§ **WORK TO COMPLETE**:
The whole listing needs to be written out exactly, except for any images.

§ **GIVEN DATA**:
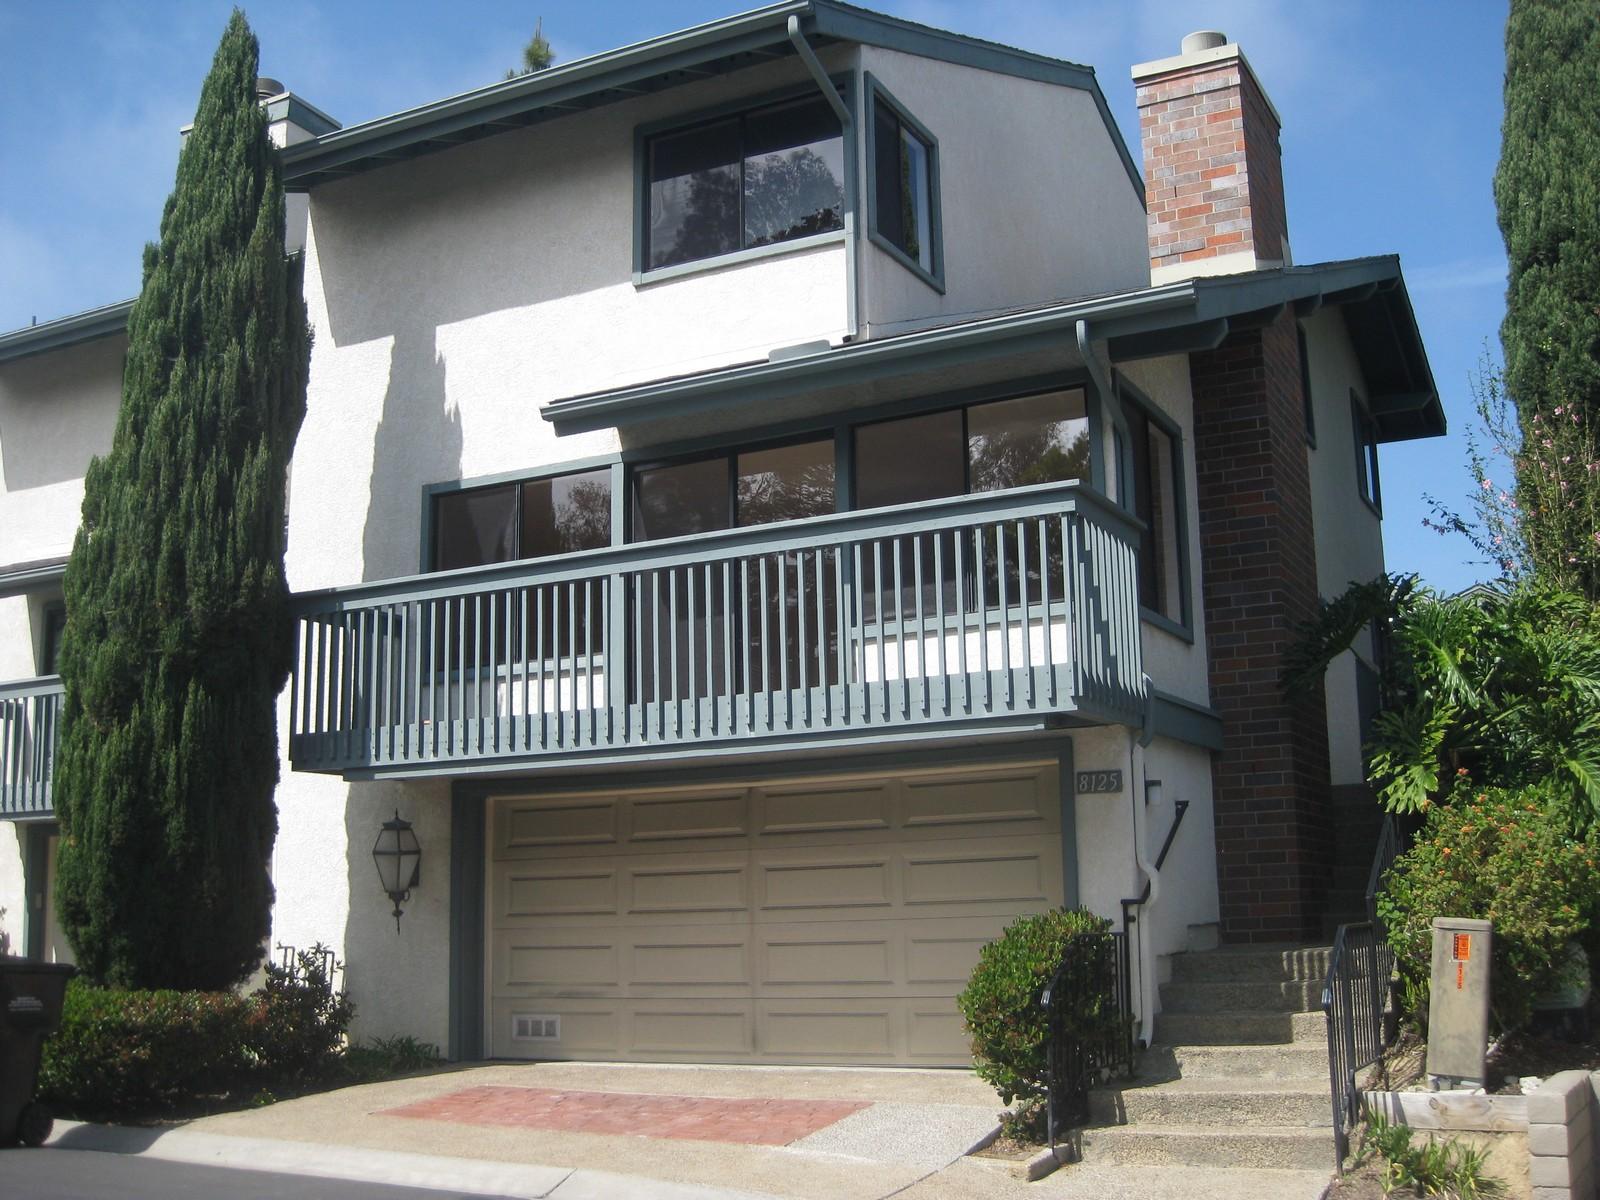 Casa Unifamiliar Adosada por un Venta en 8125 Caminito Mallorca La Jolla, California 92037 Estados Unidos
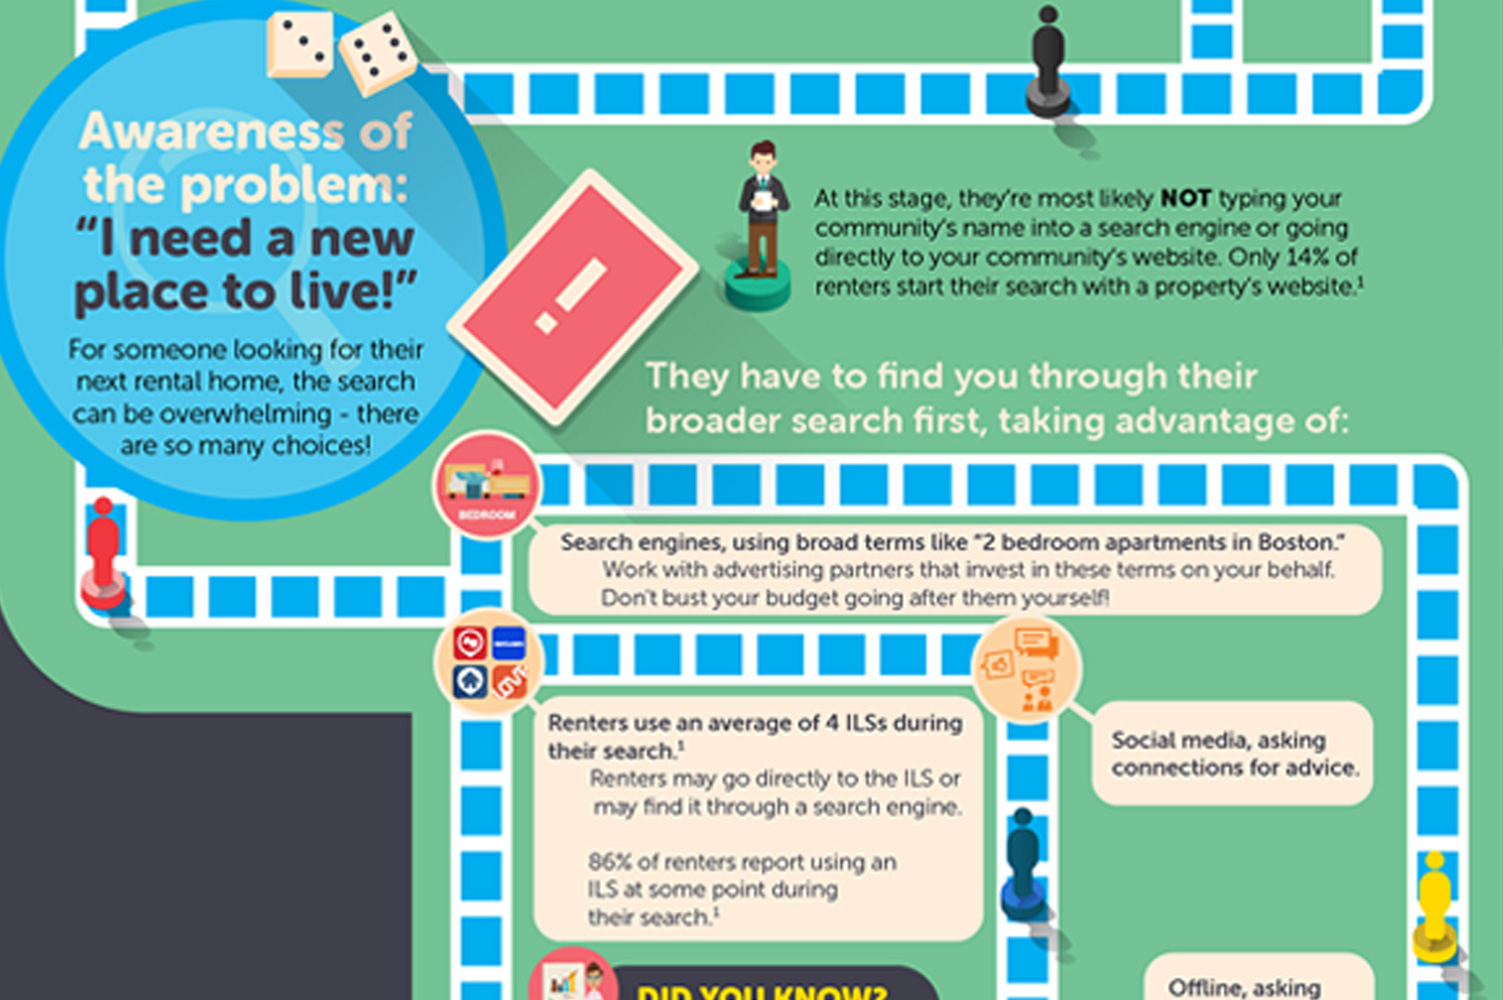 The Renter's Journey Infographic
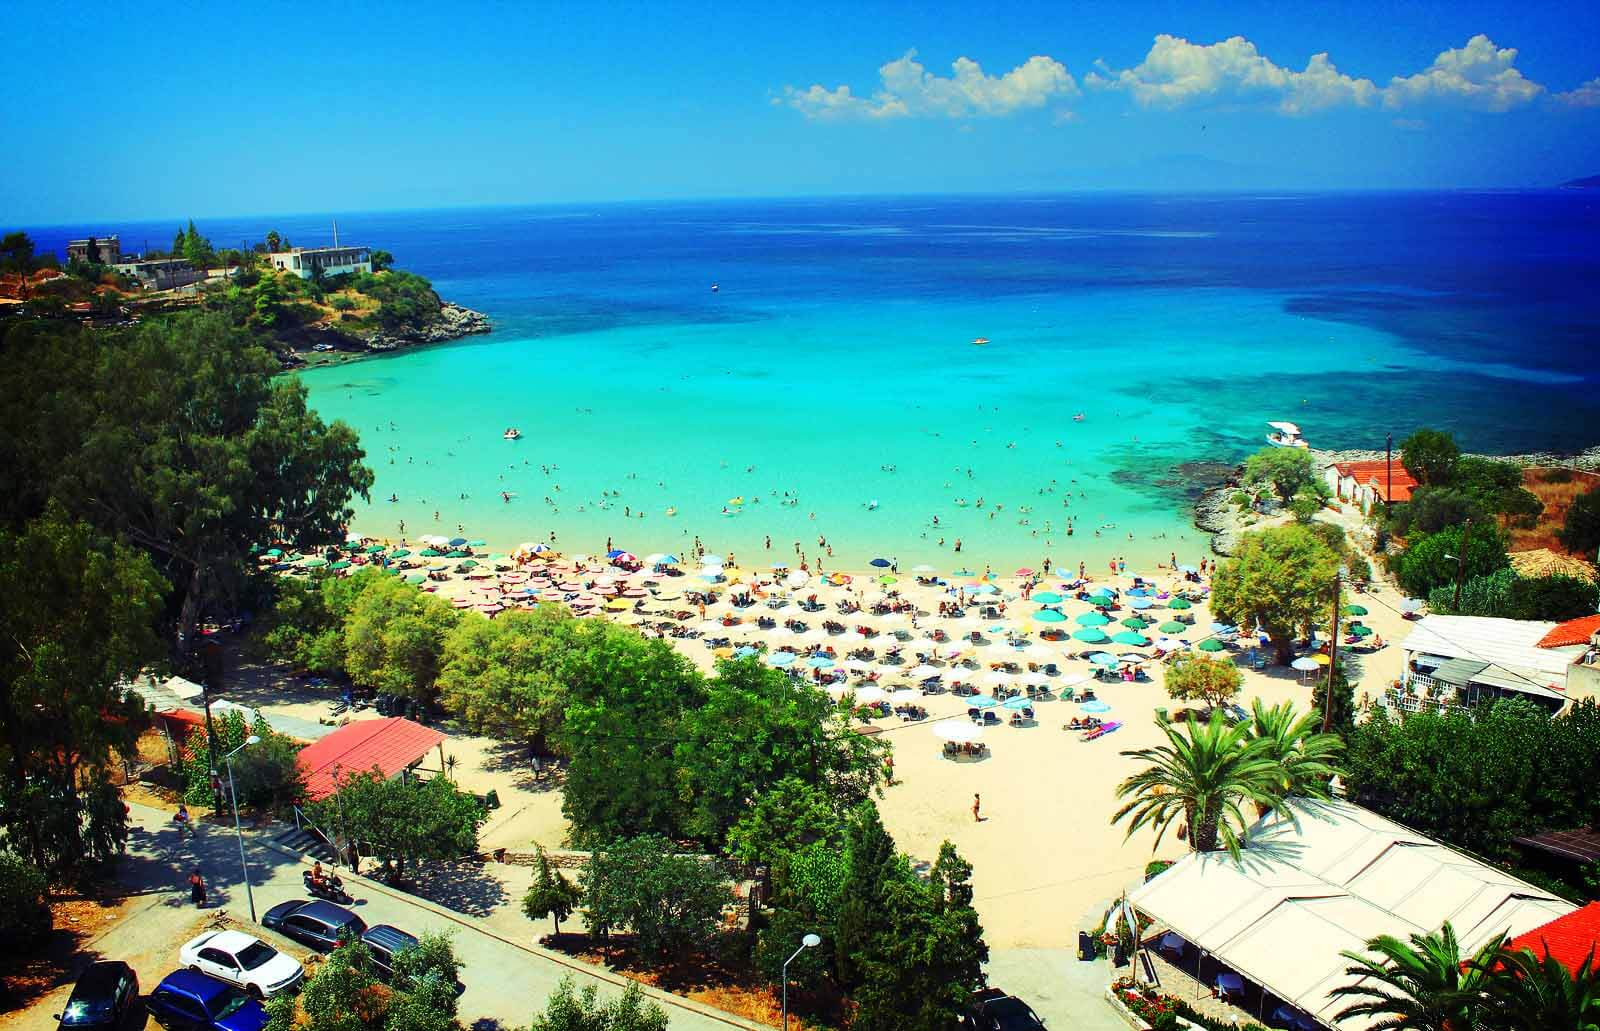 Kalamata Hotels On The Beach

§ **YOUR RESPONSE**:
 Casa Unifamiliar Adosada por un Venta en 8125 Caminito Mallorca La Jolla, California 92037 Estados Unidos
 The Renter's Journey Infographic
 Kalamata Hotels On The Beach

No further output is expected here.